■ Assignment
Write down exactly the lines from the one below that has "Решение номер 2" to the end of the data, both ends included; the pictures should not appear in your copy.

■ Available data
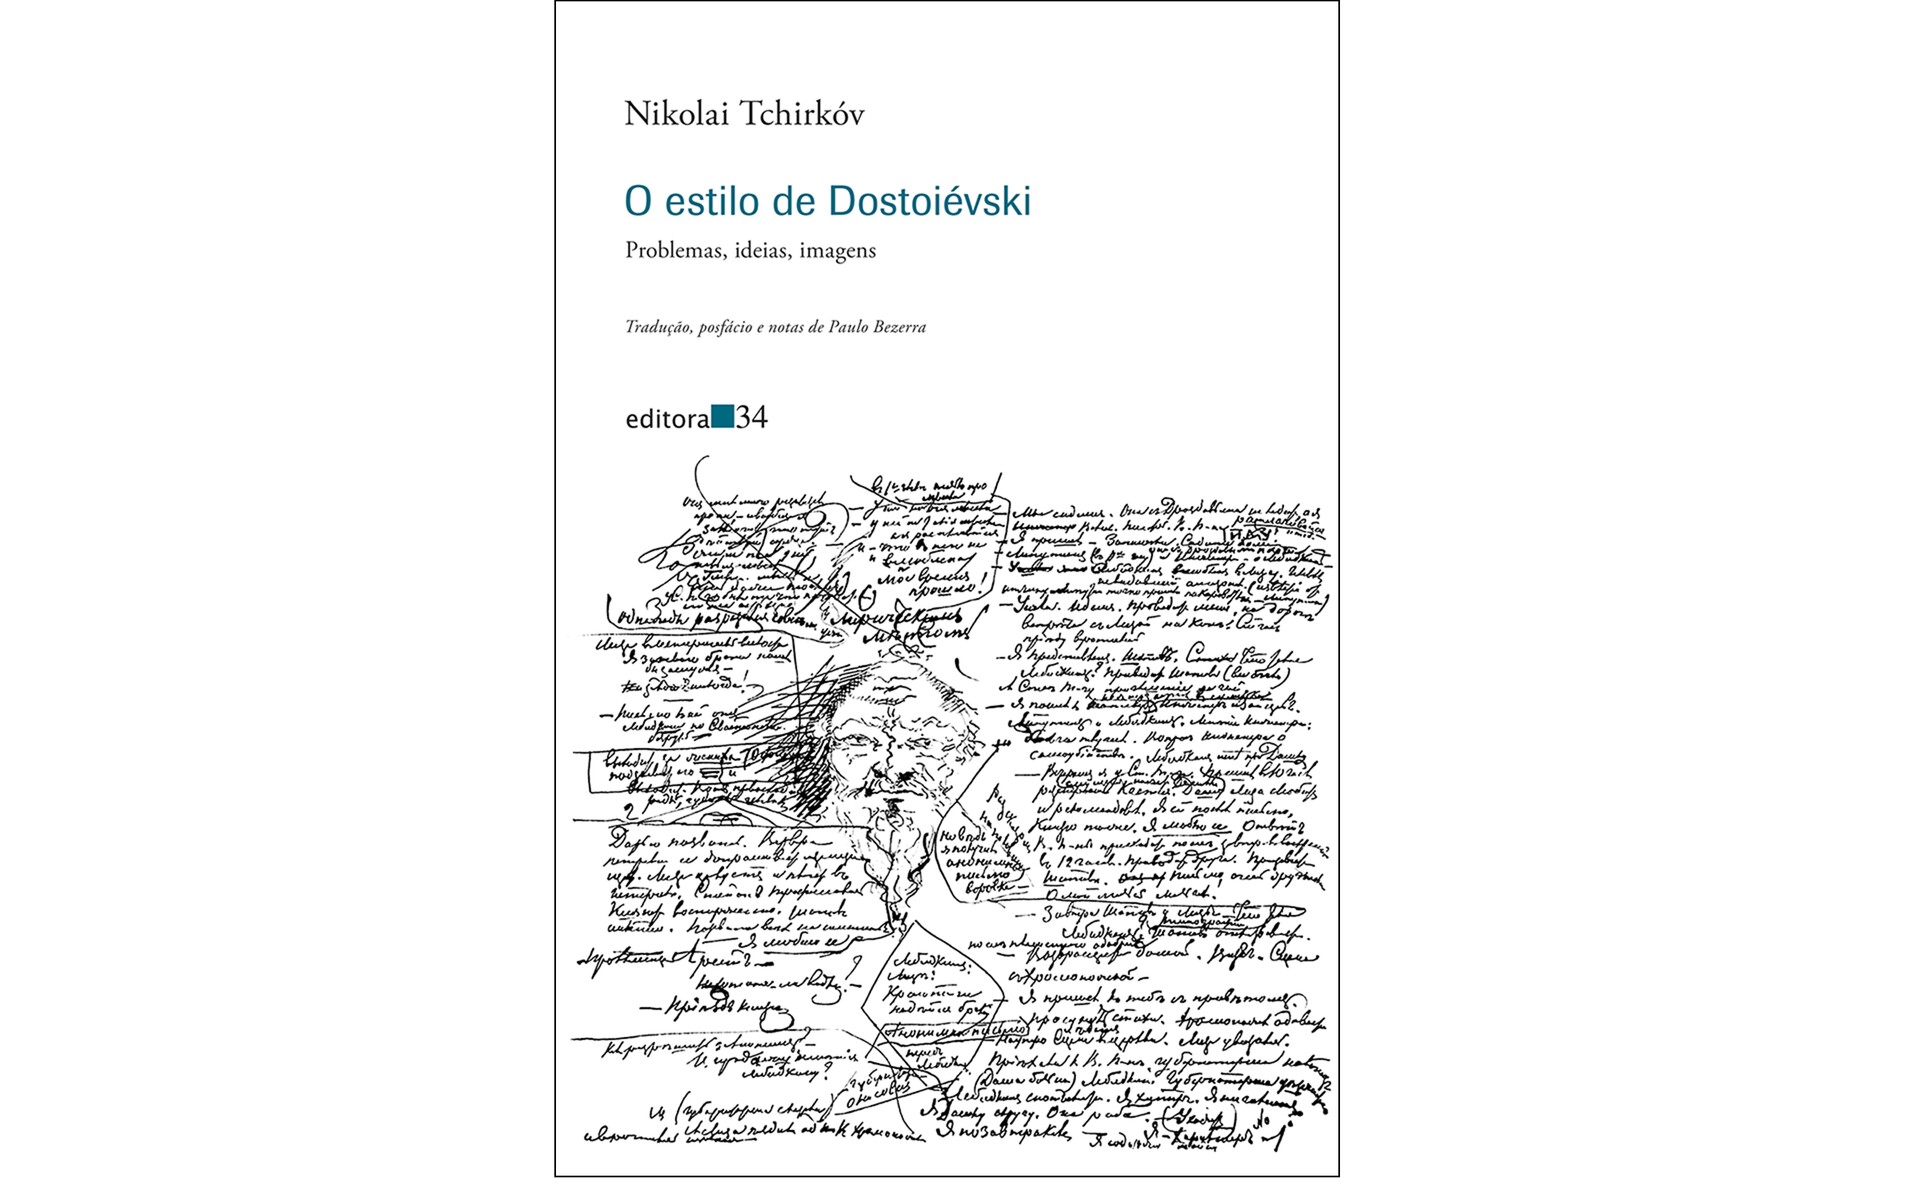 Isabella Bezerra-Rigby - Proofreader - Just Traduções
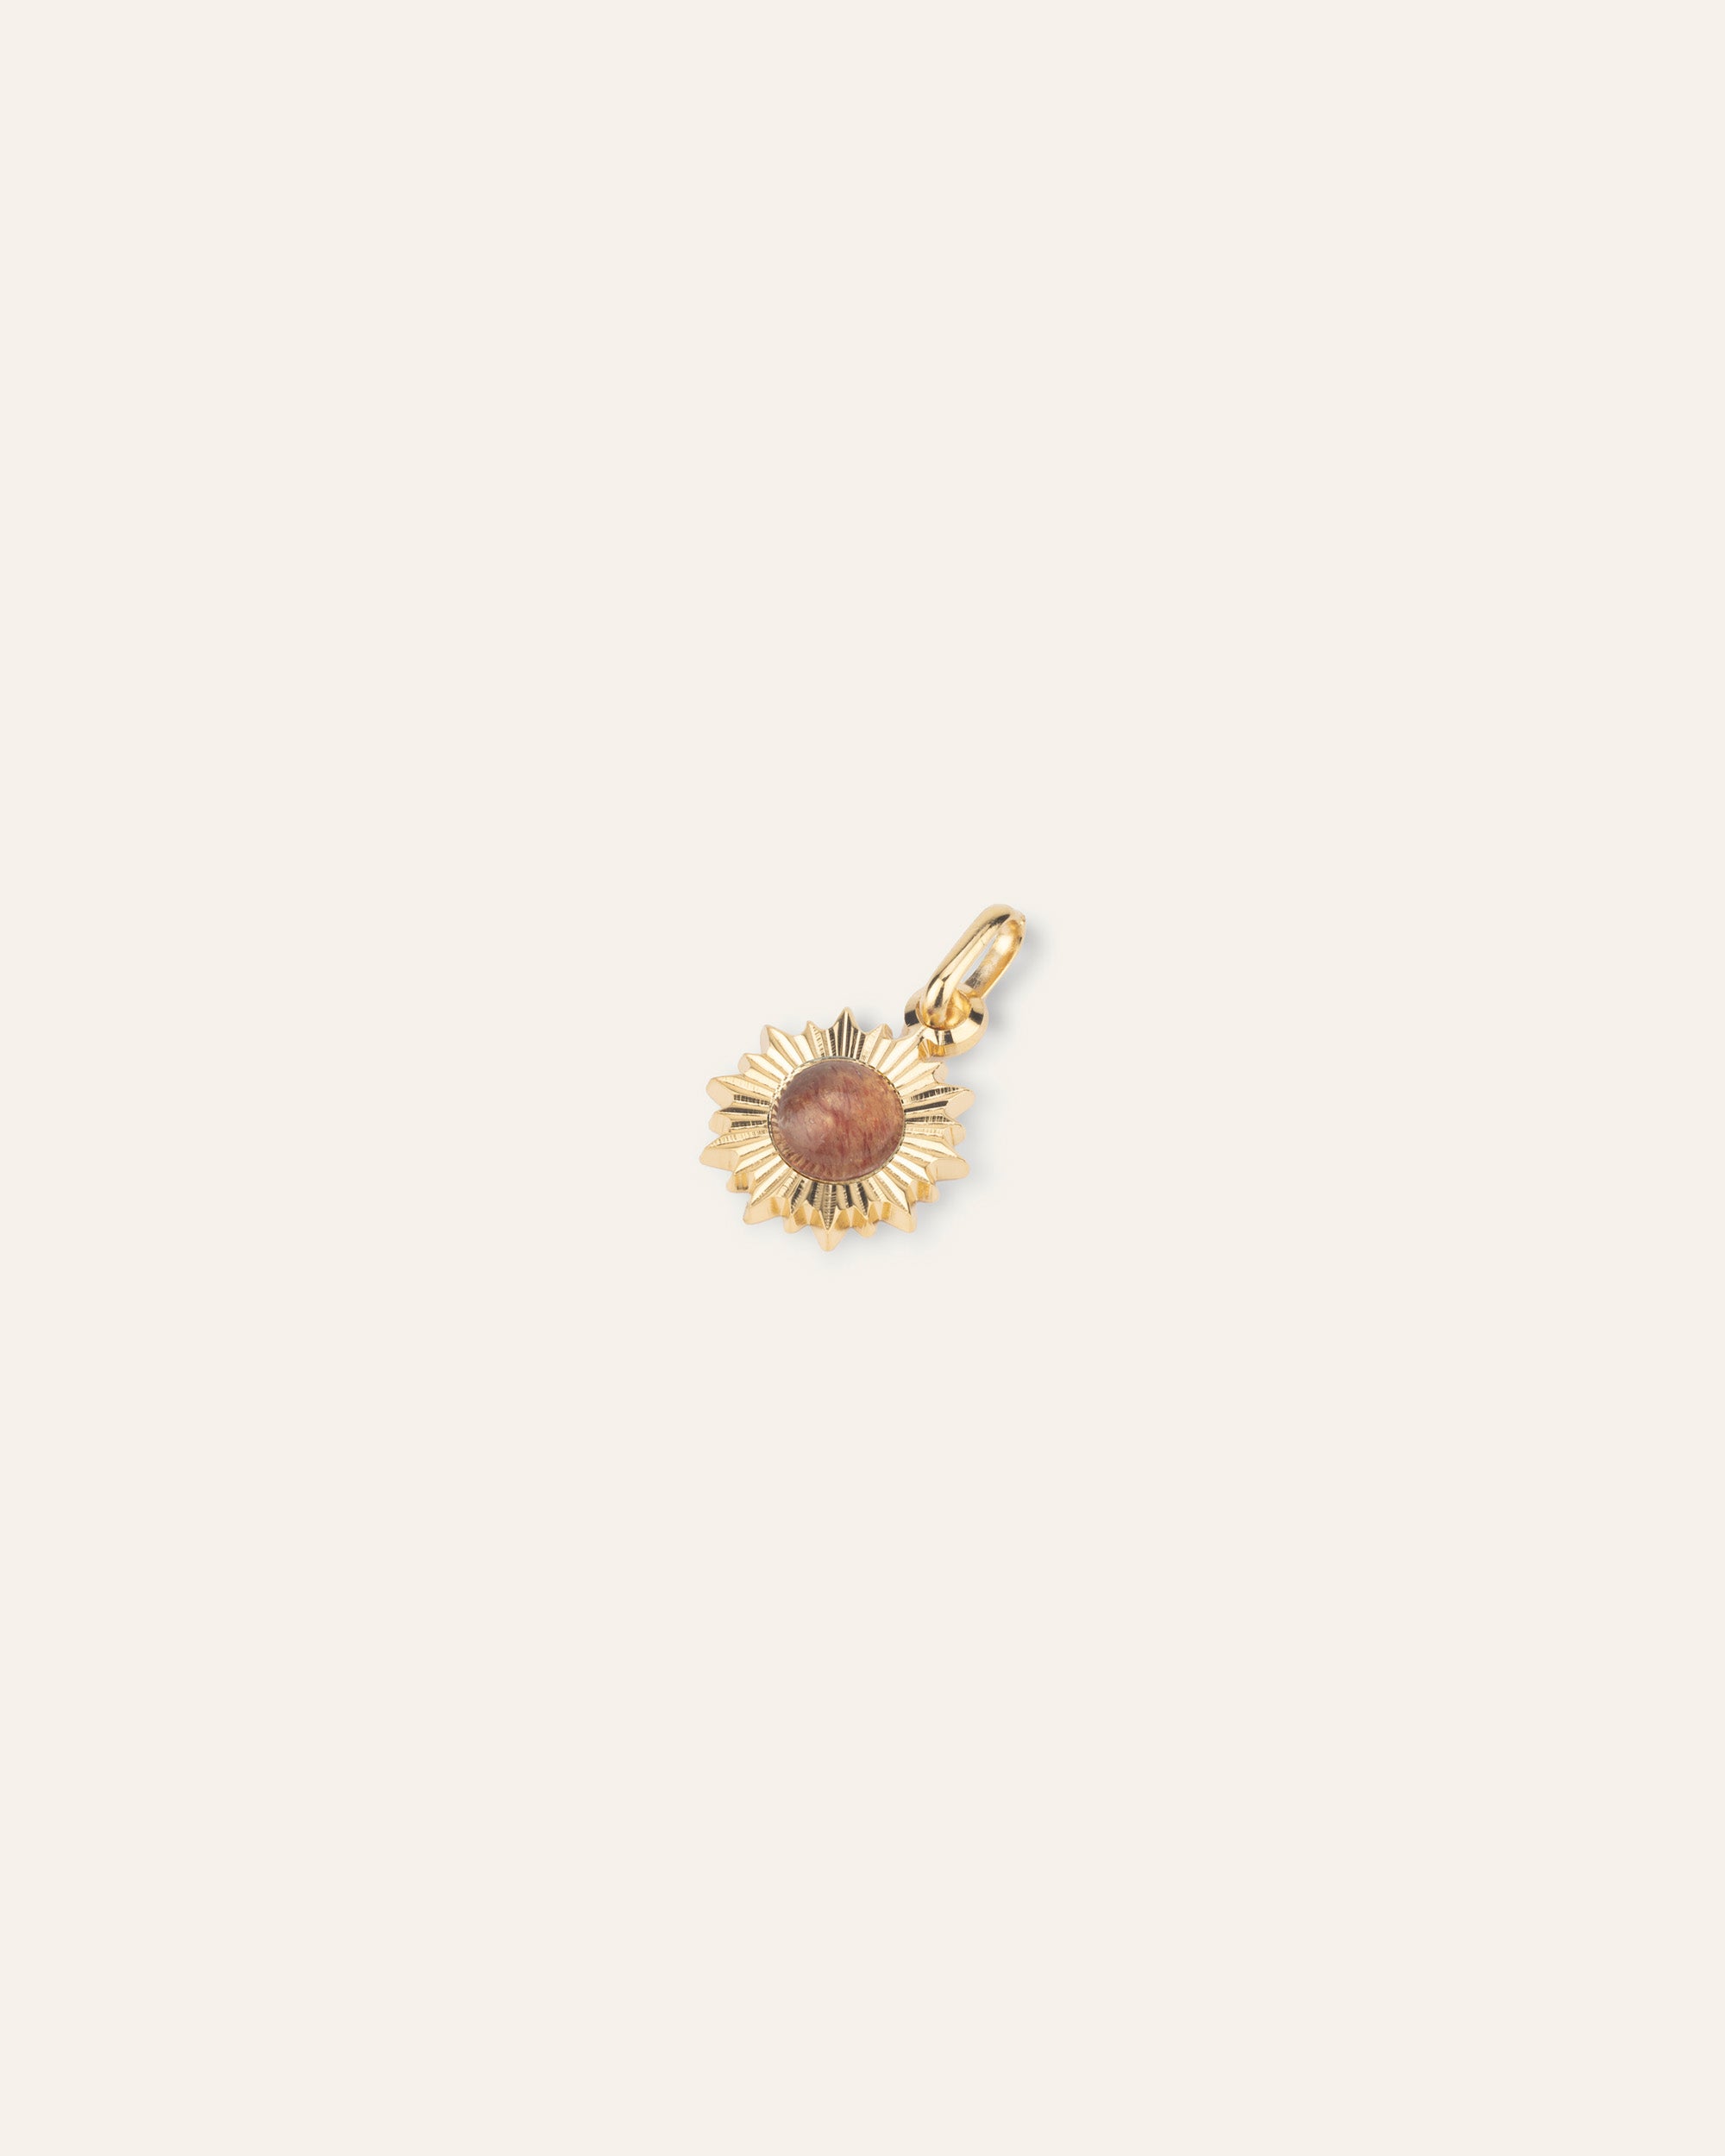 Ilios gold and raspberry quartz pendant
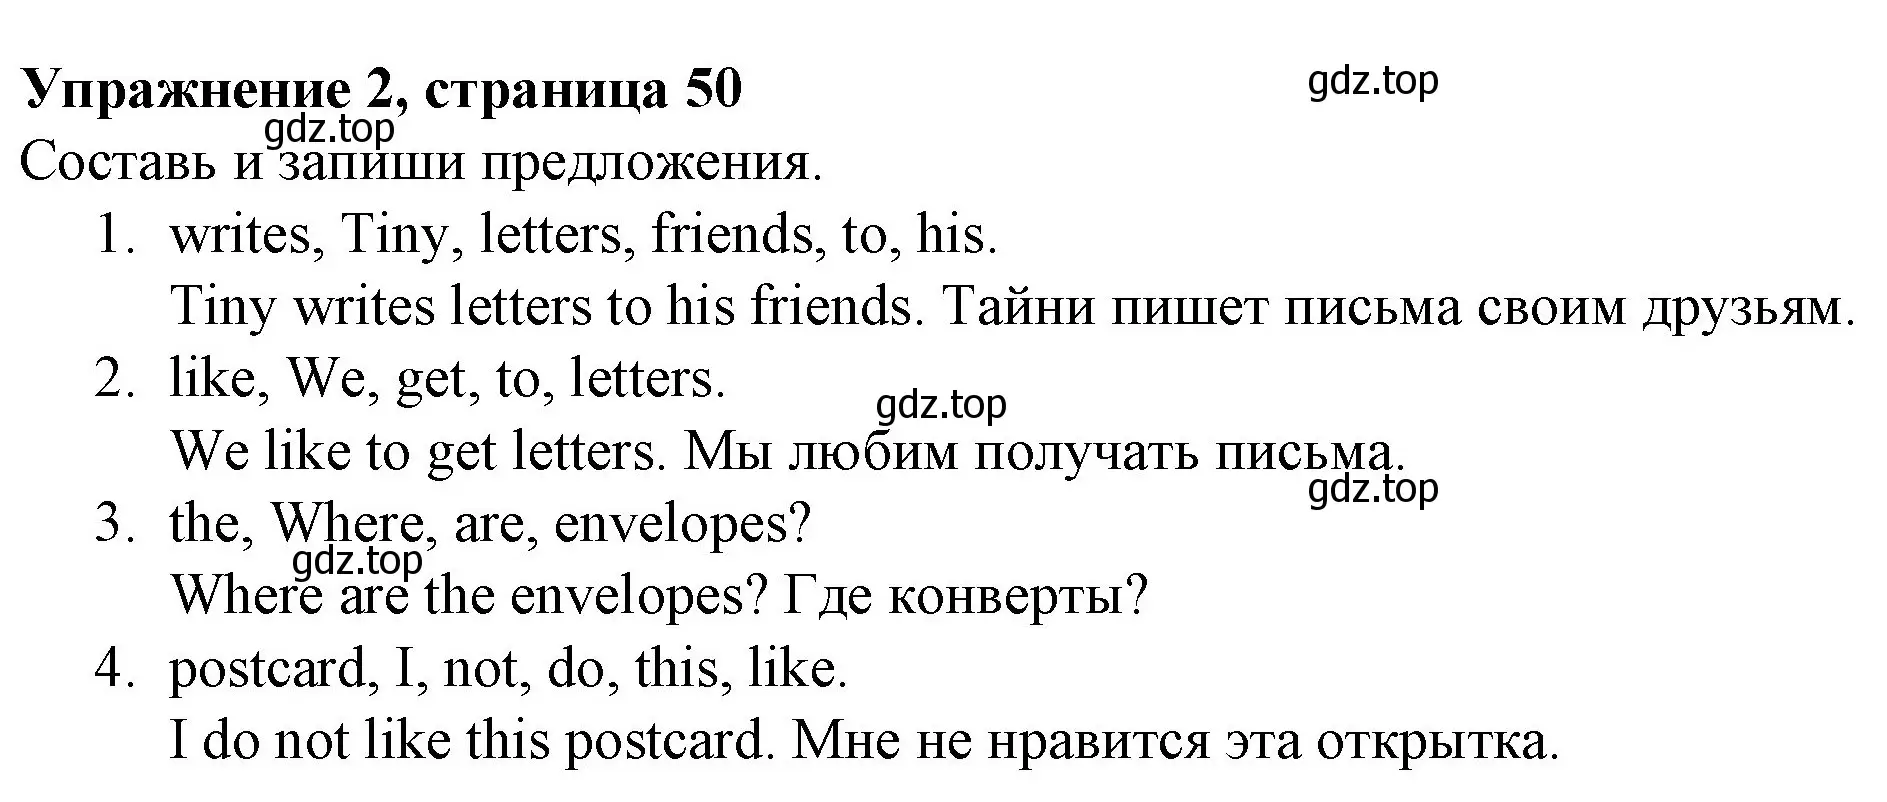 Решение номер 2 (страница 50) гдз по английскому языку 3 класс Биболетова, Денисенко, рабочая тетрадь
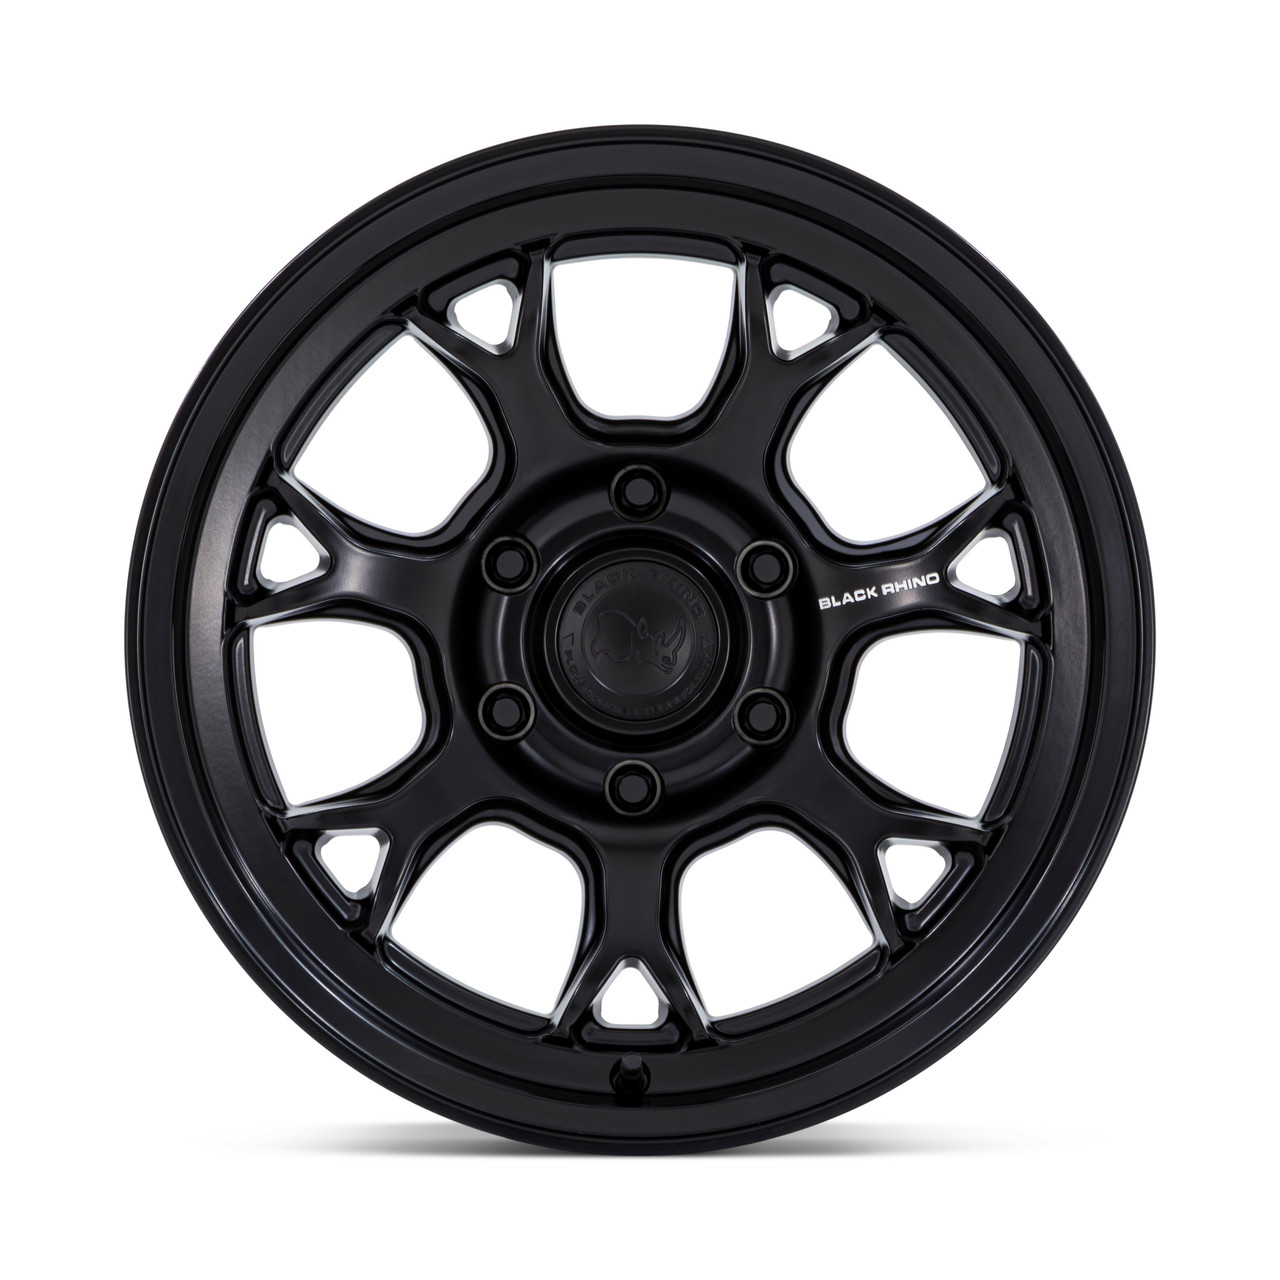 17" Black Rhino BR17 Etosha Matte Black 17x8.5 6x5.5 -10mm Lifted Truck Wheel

■ Result of the task
 Решение номер 2 (страница 50) гдз по английскому языку 3 класс Биболетова, Денисенко, рабочая тетрадь
 17" Black Rhino BR17 Etosha Matte Black 17x8.5 6x5.5 -10mm Lifted Truck Wheel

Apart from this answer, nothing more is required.